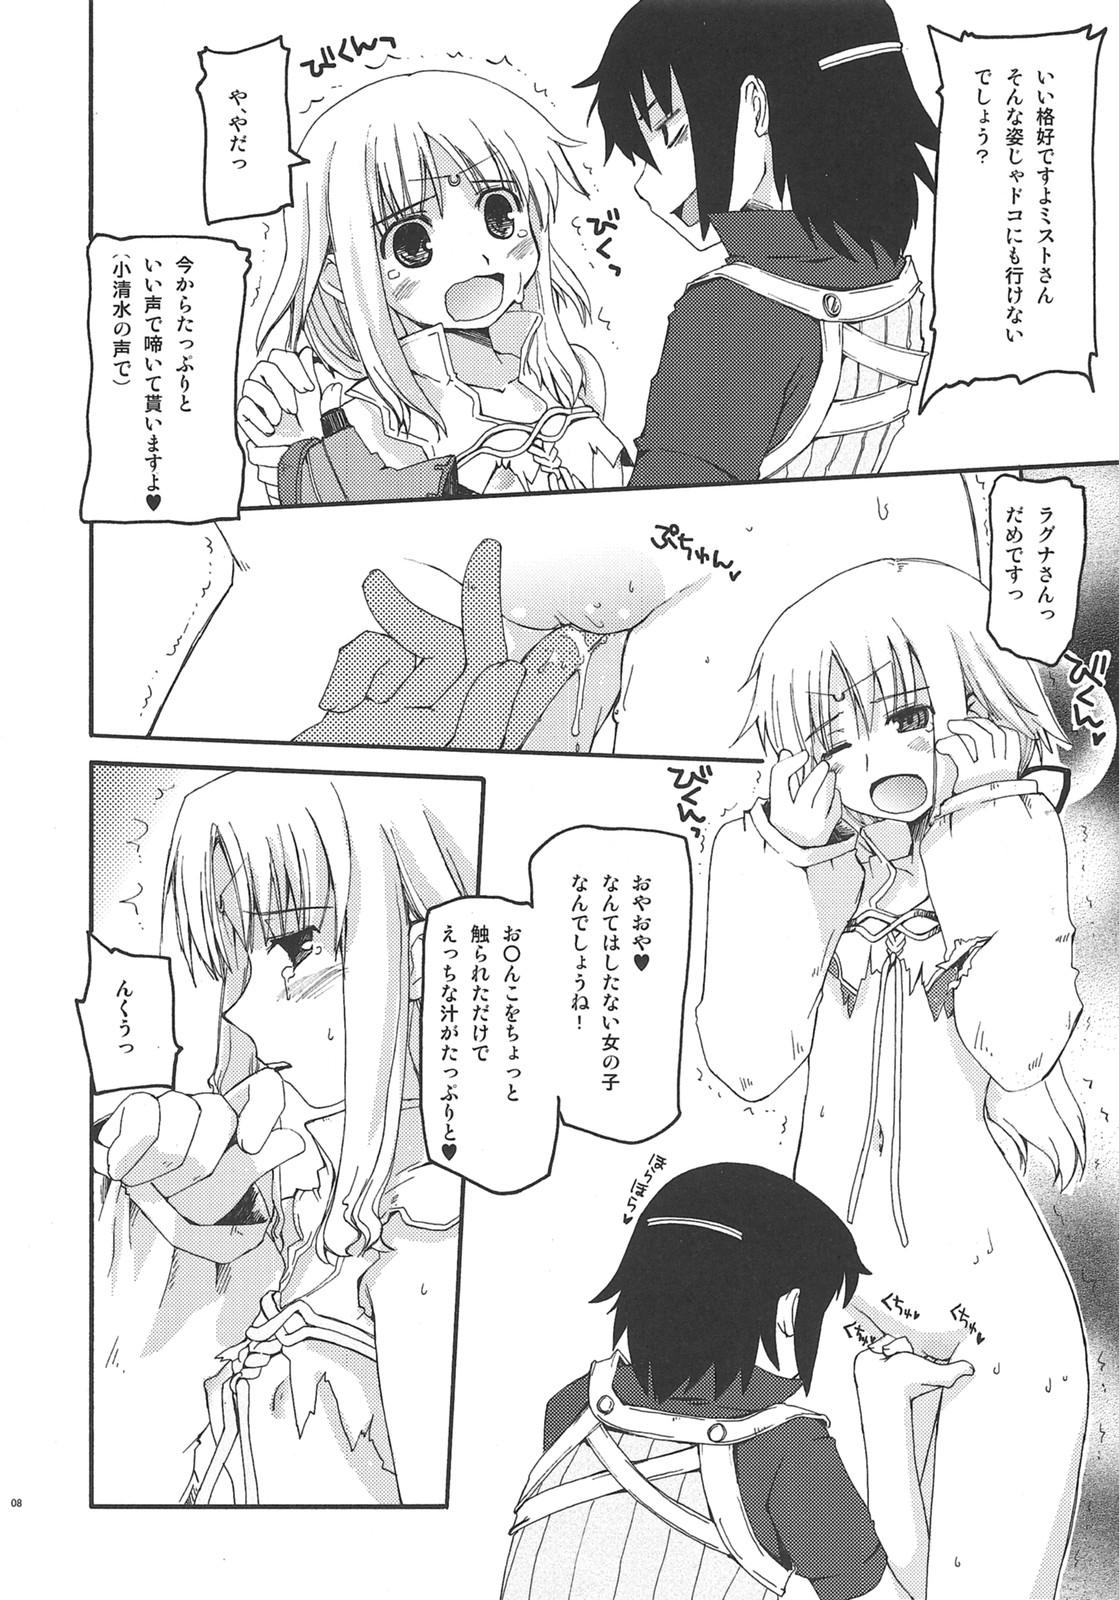 8teenxxx Walking with strangers - Rune factory Jeans - Page 7
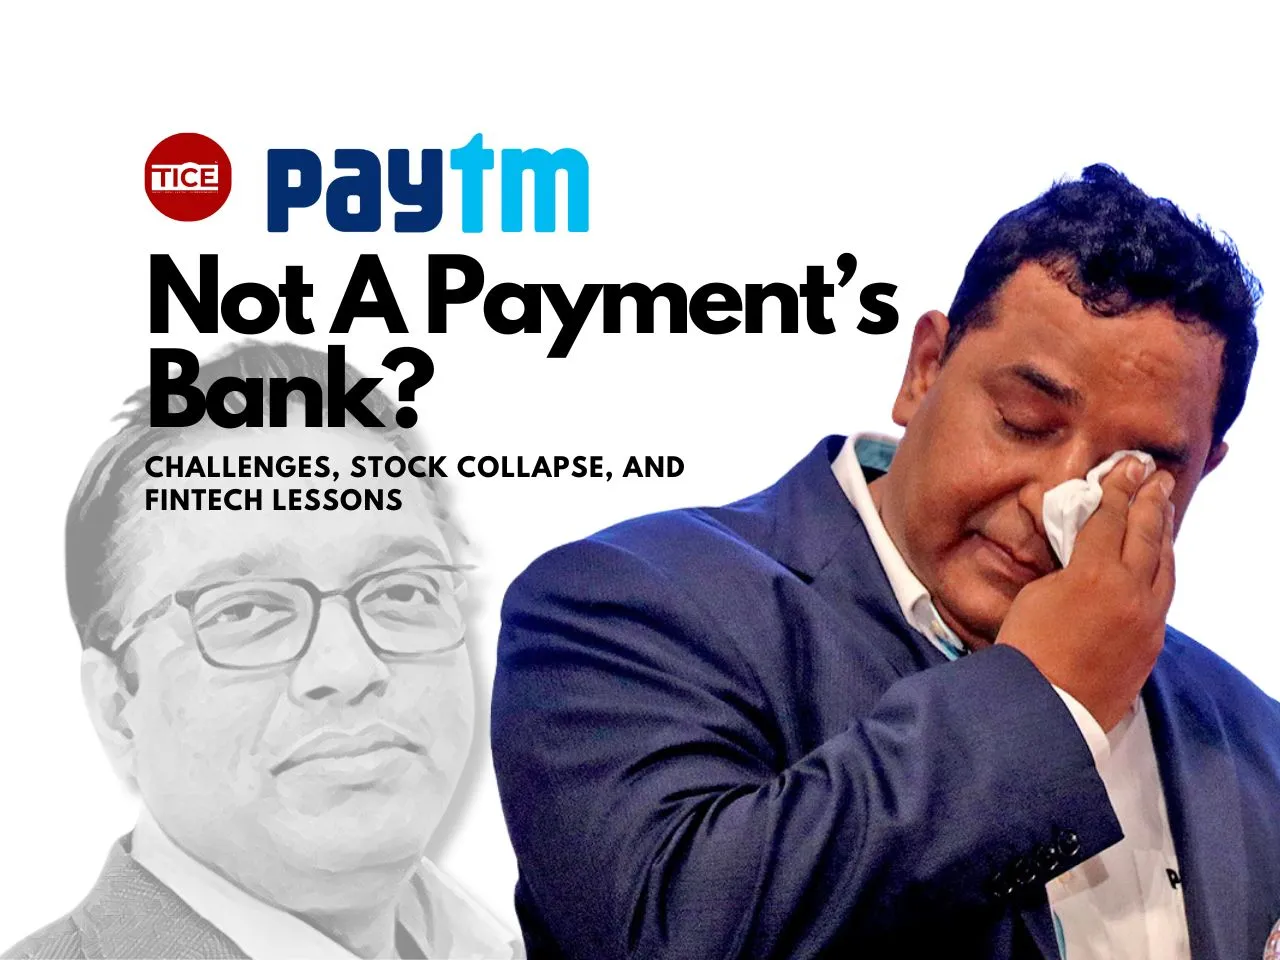 The Great Fintech Fiasco: What Lies Ahead for Paytm, Partners & You?
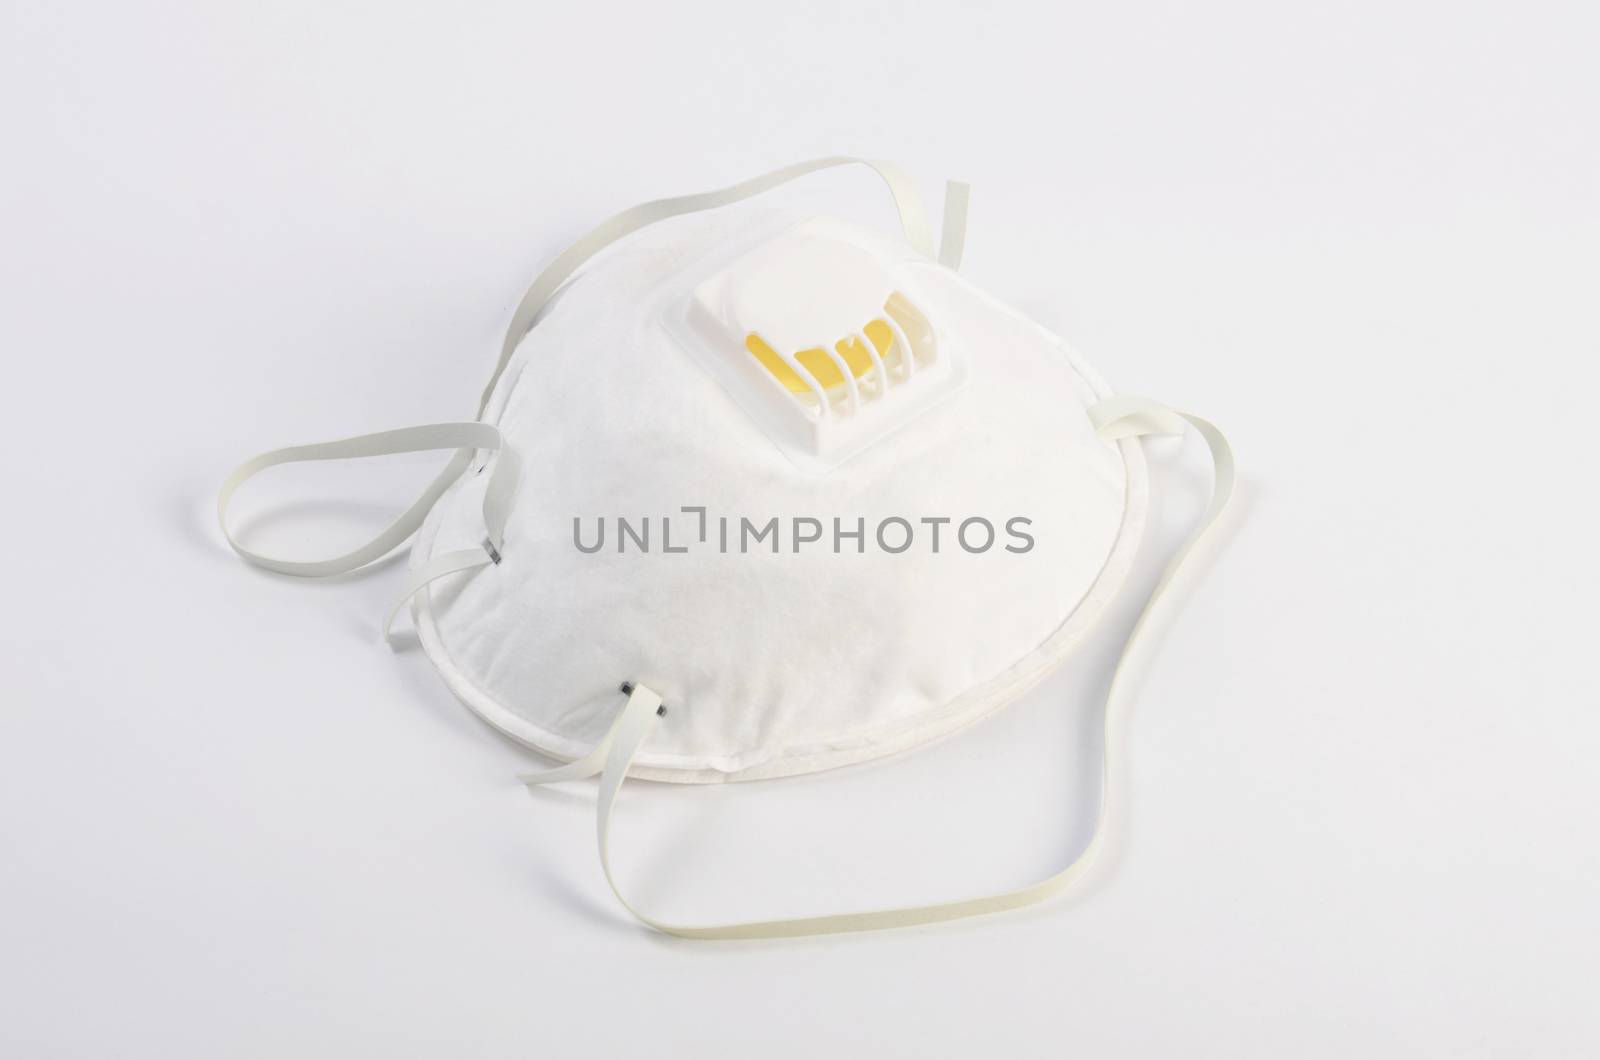 Protective mask respirator with filter close up

▸ **TASK DETAILS**
Everything above except the pictures needs to be reproduced exactly.

▸ **TASK SOLUTION**
 8teenxxx Walking with strangers - Rune factory Jeans - Page 7
 The Great Fintech Fiasco: What Lies Ahead for Paytm, Partners & You?
 Protective mask respirator with filter close up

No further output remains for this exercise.